Tony Bowers: Which geographies do you think will have the least regulatory problem on the meat side?

Joseph Hazelton: Honestly, I think the U.S. will probably have the least regulatory one, at least from our standpoint, we obviously — we have a GRAS-certified organism. We got that in 2009. So we’re using self-affirmed GRAS pathway for these products. Inzymes, they filed their self-affirmed grass this year, and they’re already commercializing their bovine chymosin. And we’ll use the same process for alpha-lactalbumin. So I think the U.S. market, again, at least now is a little more regulatory friendly than the EU. But I definitely — that obviously could change tomorrow. But I think with the demand for protein and the demand for more specialized and cleaner nutrition, I don’t see significant regulatory changes in the short term. Mark?

Mark Emalfarb: Yes. And I think that if you recall, BASF has their own GRAS approvals in the EU and U.S. on the [indiscernible] technology platform. But it’s interesting because with the situation in the Gulf with Fermbox and the Inzymes that turns biomass into sugars, renewable fuels and chemicals are potentially back in vogue and people paying attention because we can’t rely on oil. And so I think that our positioning and with our technology depth of this is ideally suited to turn biomass into sugar, and we’ve already reentered that space with Fermbox, and they and us are trying to expand that as the situation in the Gulf continues to fester.

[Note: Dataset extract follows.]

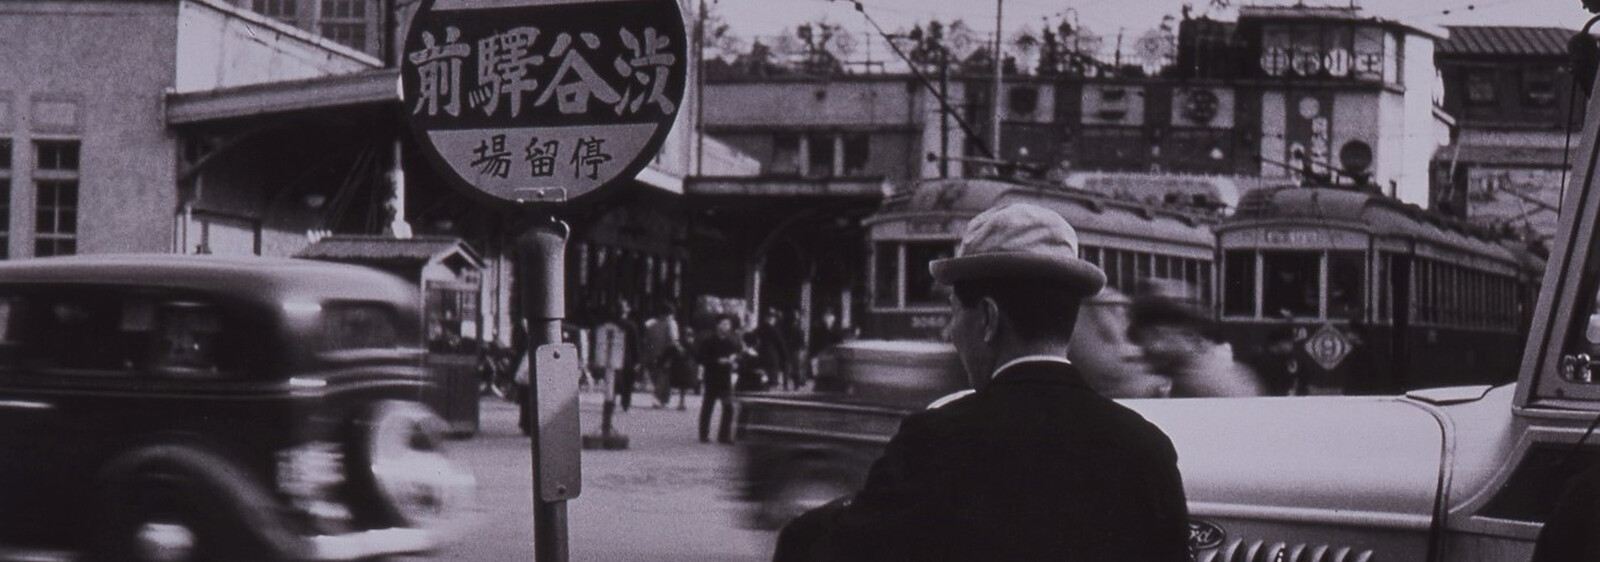 Kuwabara Kineo, <span class="italic">Front of Shibuya Station</span> (from “Dream Town”) (1936)
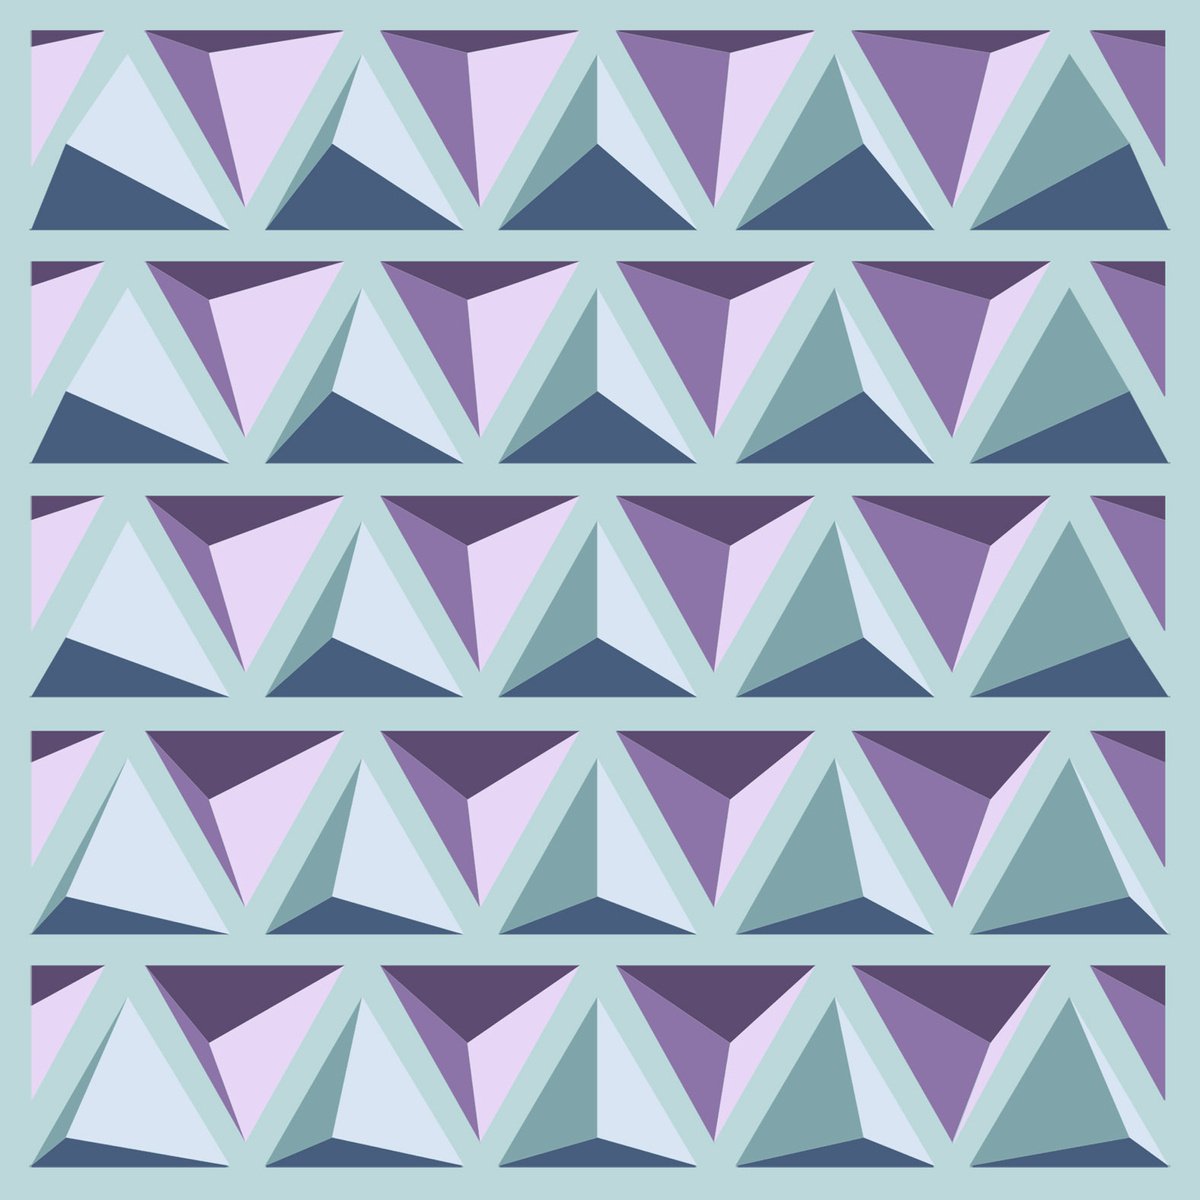 Triangulation No.2 by Crispin Holder

Operator: There are no further questions at this time. And I will now turn the call back over to Dyadic’s President and COO, Joe Hazelton, for closing remarks.

Joseph Hazelton: Thank you. As we close, I want to emphasize what we believe is most important. Dyadic today is no longer simply developing technology platforms. We are increasingly commercializing products, supporting customers, expanding partnerships and building recurring revenue opportunities across multiple markets. We’re seeing growing interest in our technologies, increasing commercial activity across our partner network and encouraging early signs of market adoption as products move from development into commercial channels. While we still have important execution work ahead, we believe the progress achieved over the past year has significantly strengthened the business and positioned us for continued operational and commercial advancement.

Our focus is now straightforward, continuing scaling product sales, expand strategic partnerships and distribution channels, support customer adoption and maintain the disciplined operating approach that has allowed us to extend our runway while continuing to build the business responsibly. We remain confident about the opportunities ahead and appreciate the continued support of our shareholders, partners and employees as we continue executing our strategy. Thank you, and we look forward to updating you on our continued progress.

Operator: Thank you. This concludes today’s conference. You may disconnect your lines at this time, and we thank you for your participation.